Семейная тайна — страница 49 из 87

Славиков спросил у директора:

— Не хотите ли вы, Роман Петрович?

Беловежский кивнул:

— Вы угадали… Я как раз хотел попросить слова.

При этих словах Беловежского главный инженер Хрупов на другом дальнем краю стола подобрался и непроизвольно сжал лежавшие на зеленом сукне пальцы в кулак.

— У меня для вас, товарищи, добрая весть, — сказал Беловежский. Все лица обернулись к нему. — Сегодня утром я побывал в больнице, общался и с главврачом, и с самим Злотниковым. И могу сообщить: самое страшное позади. То есть непосредственная угроза жизни миновала. Он переведен из реанимации в обычную палату, жена его навещает…

Все с облегчением заулыбались, закивали друг другу, возник шум.

— Тише, товарищи… Сказанное, конечно, не означает, что у нас нет предмета для обсуждения… Предмет есть, и очень важный. Письмо жены Злотникова — это очень искренний и важный человеческий документ, который нас о многом заставляет задуматься. Но, прежде чем перейти к сути, хочу сказать о другом. То, как мы все, члены парткома, дирекция, коллектив, прореагировали на это письмо, уже само по себе свидетельствует, что моральный климат у нас на заводе, в нашей партийной организации, хороший, здоровый. Конечно, жену Злотникова прежде всего волнует здоровье мужа, она хочет спасти семью. Это понятно. Мы с нею рядом в этой беде, сочувствуем ей всей душой, чем можем — поможем. Но разве в одном Злотникове дело?

Хотим мы этого или не хотим, но его жена выдвинула на повестку дня вопрос первостепенной важности — вопрос о стиле руководства, о человеческих и, я бы даже сказал, о партийных качествах руководителя. Давайте разберемся, товарищи, что же произошло? Точнее всех это сформулировал Фадеичев: главный инженер привлек к созданию АСУ наиболее перспективных молодых инженеров, материально заинтересовал их, к слову заметим, в нарушение всех существующих финансовых правил, и возложил на них сложные технические задачи, требуя их решения в сжатые, рекордные сроки. Так?

— Так! Гнал и в хвост и в гриву! — сказала Веселкина.

Беловежский кивнул.

— Лично мне, как вы знаете, довелось работать под непосредственным руководством Николая Григорьевича. И могу вам со всей ответственностью сказать: рука у него тяжелая. Он требует, чтобы подчиненные ему люди работали, как говорится, на пределе. Хорошо это или плохо?

В помещении парткома стало так тихо, что было слышно, как позвякивают на широком мятом лацкане Примакова медали, которые он, один из немногих на заводе, надевал во все торжественные дни.

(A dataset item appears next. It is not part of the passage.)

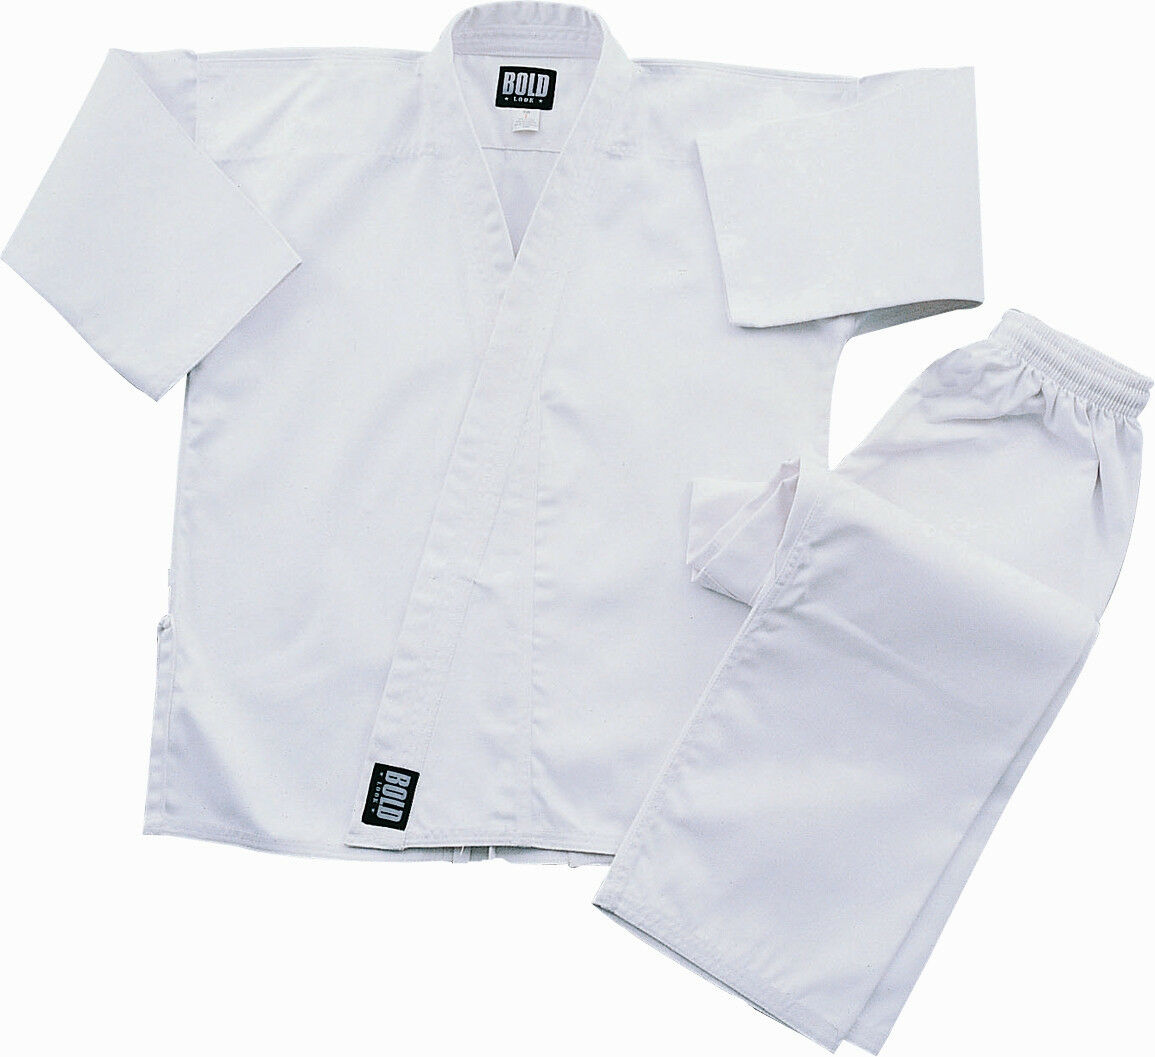 White Heavyweight 12oz Brushed  Cotton Karate Uniform by Bold 550w  buy cheap new
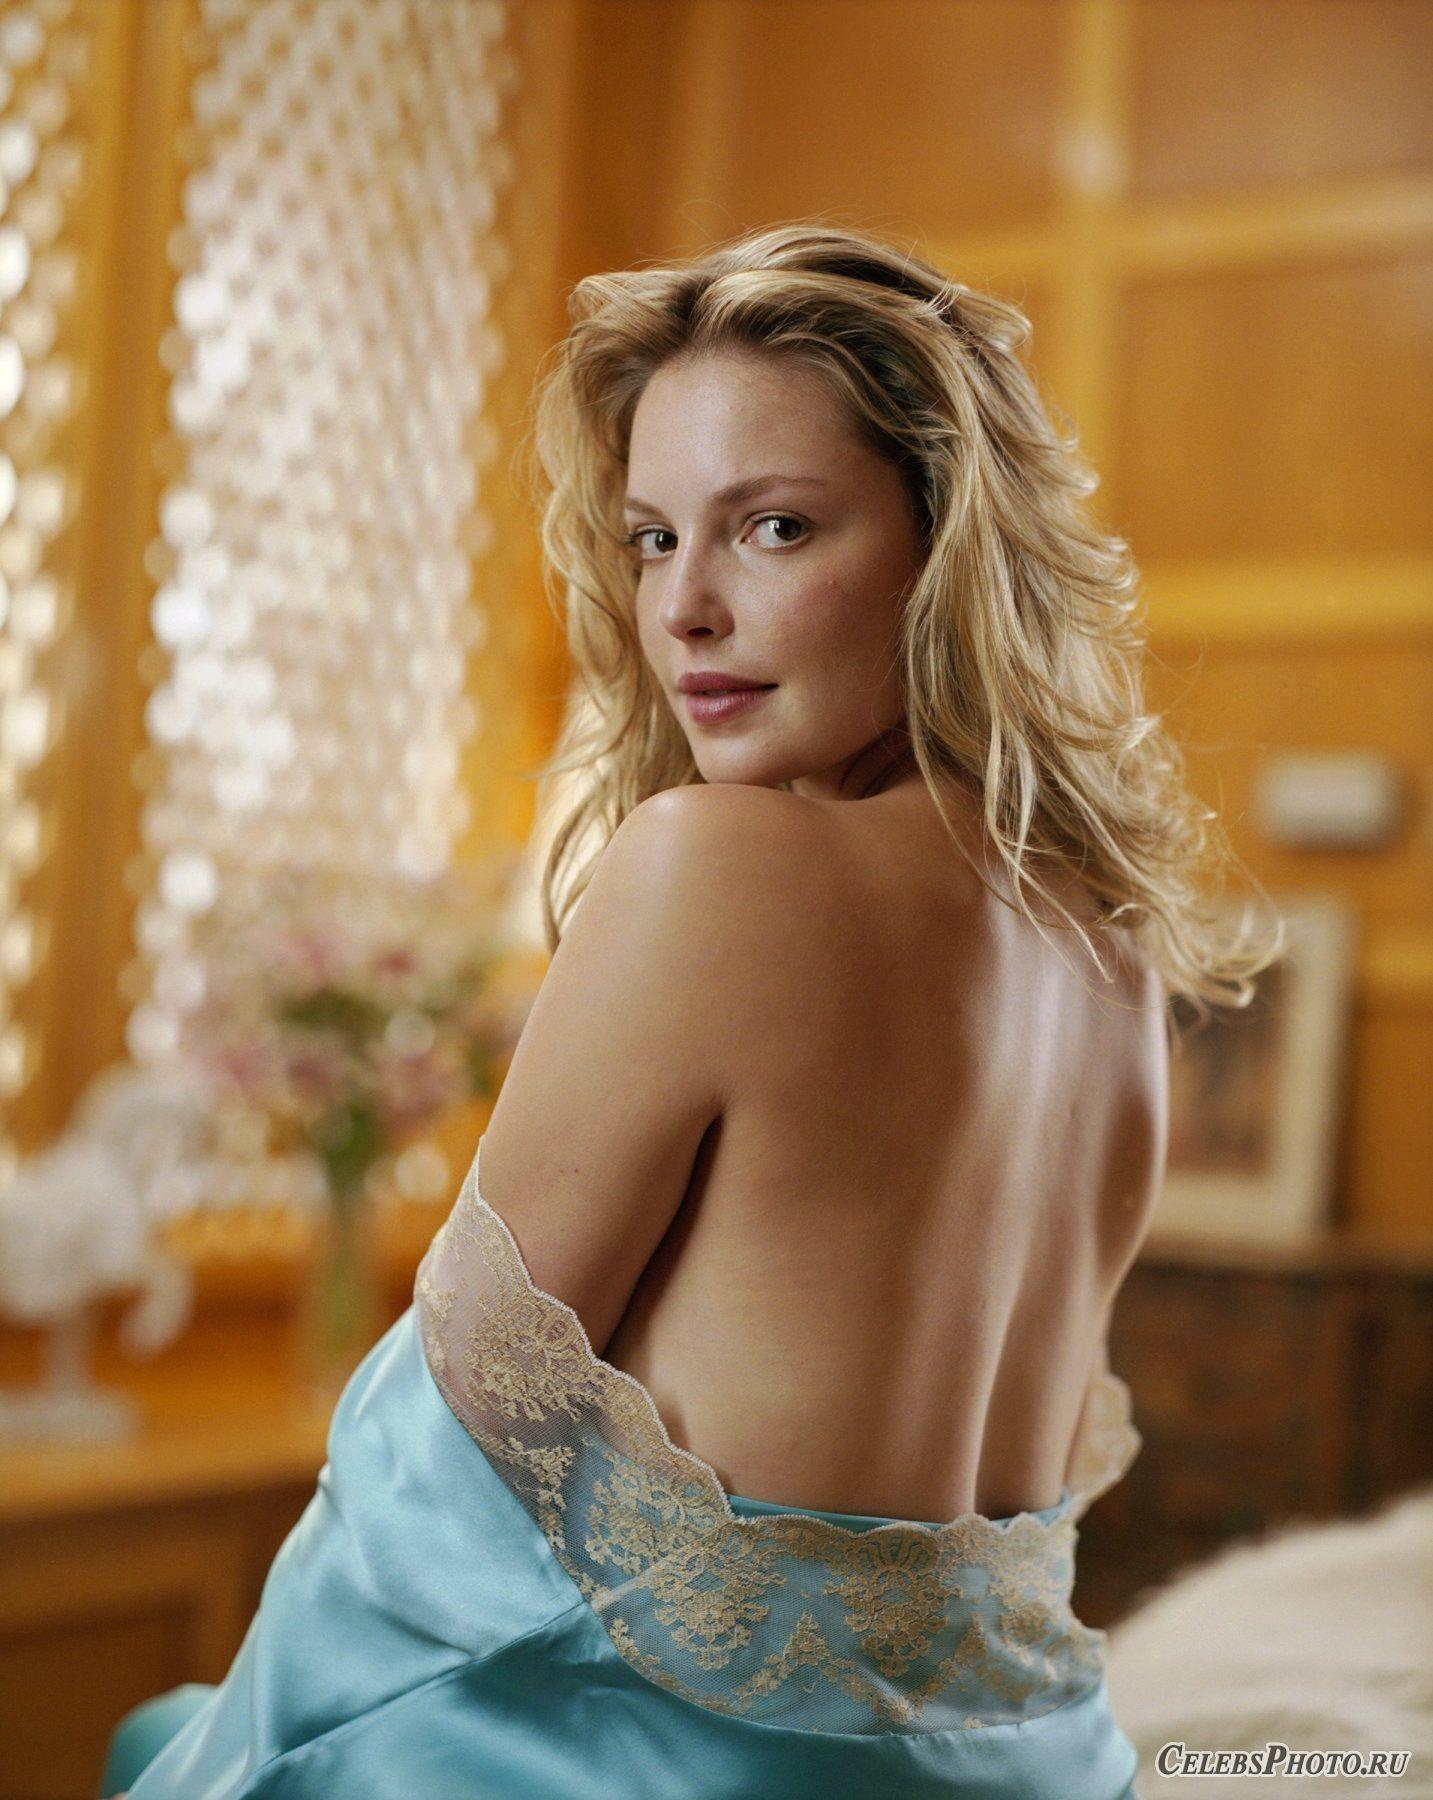 Katherine heigl topless maxim magazine cover nude photo shoot

— Мы с вами, товарищи, живем в чрезвычайно интересное время — эпоху научно-технической революции. Страна вручила нам, инженерам, удивительную технику, отпускает огромные средства на ее развитие и освоение. Но означает ли это, что так называемый человеческий фактор сошел на нет, стал второстепенным и подчиненным? Да ни в коем случае. Умение руководителя в том и состоит: добиваться, чтобы каждый раскрывал свои возможности, давал заводу, стране все, что может дать, а иногда и больше. Без ущерба для физического и морального, духовного здоровья.

Беловежский обвел взглядом напряженные лица всех сидевших за столом, усмехнулся:

— Вот вы, должно быть, ломаете голову: куда гнет директор? Да никуда я не гну. Я не могу с легкой душой осудить одержимость главного инженера… Но… Честно говоря, если бы он в свое время не заставлял меня делать стойку на ушах, вряд ли из меня вышел бы грамотный инженер.

Искренность директора понравилась. Члены парткома одобрительно зашумели.

Беловежский постучал карандашом о бутылку «Боржоми», стоявшую посреди стола, попросил тишины.

— …Но и принять стиль Хрупова мы не можем. Мне говорили, что в последнее время Злотников довольно часто жаловался на сердце, даже обращался к главному инженеру с просьбой об отпуске, о переводе на другой, более спокойный участок. И в том и в другом ему отказали, заподозрив в желании удалиться в тихую заводь, отсидеться… Причем грубо отказали, в оскорбительной форме. Проявлена элементарная черствость, нравственная глухота, на что никто из нас, руководителей, не имеет права. Тут мало высказать товарищу Хрупову свое порицание. Надо идти дальше. Все ли мы отвечаем предъявляемым требованиям?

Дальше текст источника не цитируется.